AUTOMAKERS ARE PREPARING FOR LESS INDIVIDUAL CAR OWNERSHIP

The New York Times' Neal Boudette wrote on Tuesday about how the big carmakers are adjusting to the threat of ride hail making individual car ownership obsolete.

Among the interesting bits were examples of Los Angeles-area people going mostly carless (from my view the last and final test among U.S. cities), that automakers are now considering the first and last mile (to the bus or train station and back) that mostly occupies public transit analysts, and that a shift away from individual car ownership could be a financial relief for automakers, who expend massive capital to produce new cars. Boudette breaks out that math:

Automakers are generally betting that sales of vehicles to fleet services will offset any decline in sales to individual consumers.
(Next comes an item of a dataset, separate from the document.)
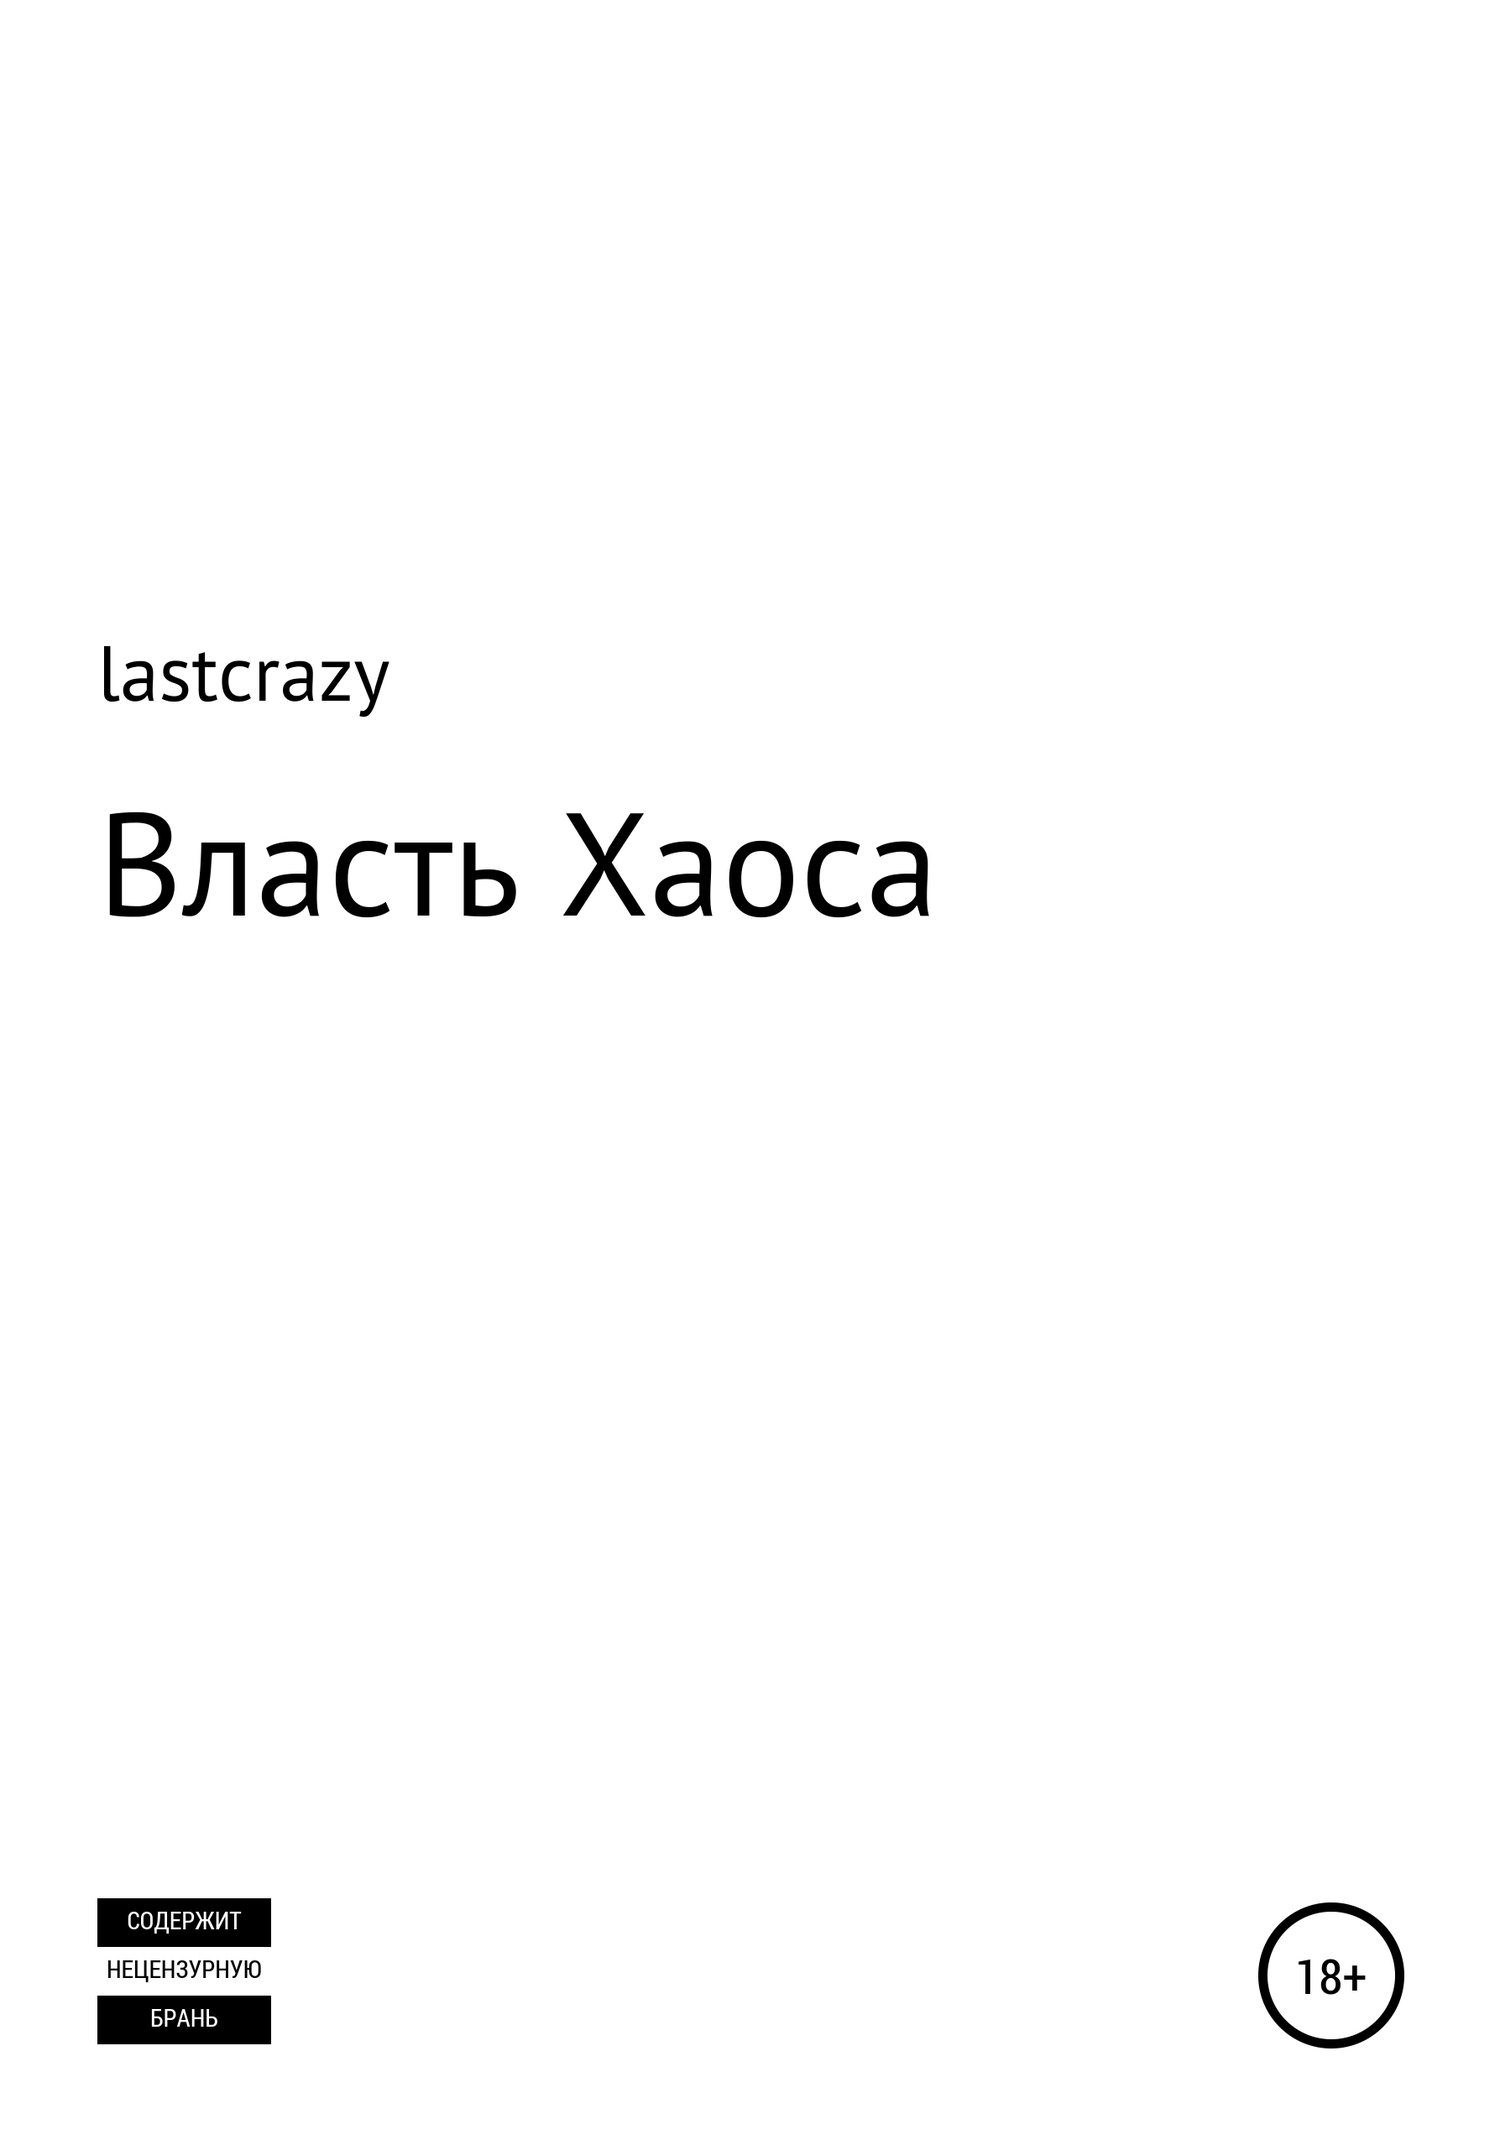 Власть Хаоса - lastcrazy

Boston Consulting Group predicts that 44,000 cars will be sold to ride-sharing fleets in North America in 2021, more than making up for an expected net decline in consumer sales of about 8,000 vehicles. 

The bigger impact might be on how the automotive industry — not just carmakers, but also fleet service operators, parts makers and the like — makes its money in years to come. 

According to the consulting firm PwC, the global automotive industry generates about $400 billion a year in profits; about 41 percent of that — or about $164 billion — comes from new vehicle sales. 

By 2030, PwC forecasts that even as overall automotive profits grow to about $600 billion, only about 29 percent of that will come from new vehicle sales. By then, PwC predicts that “mobility services’’ — including ride-hailing and other types of last-mile transportation services — will represent 20 percent of the automotive industry’s profits. 

Ford is among the automakers angling to be in position if that shift occurs.
“We are on the cusp of a revolution,” Mark Fields, Ford’s chief executive, said at the Los Angeles Auto Show in November. Cars, he said, “are no longer our entire game.”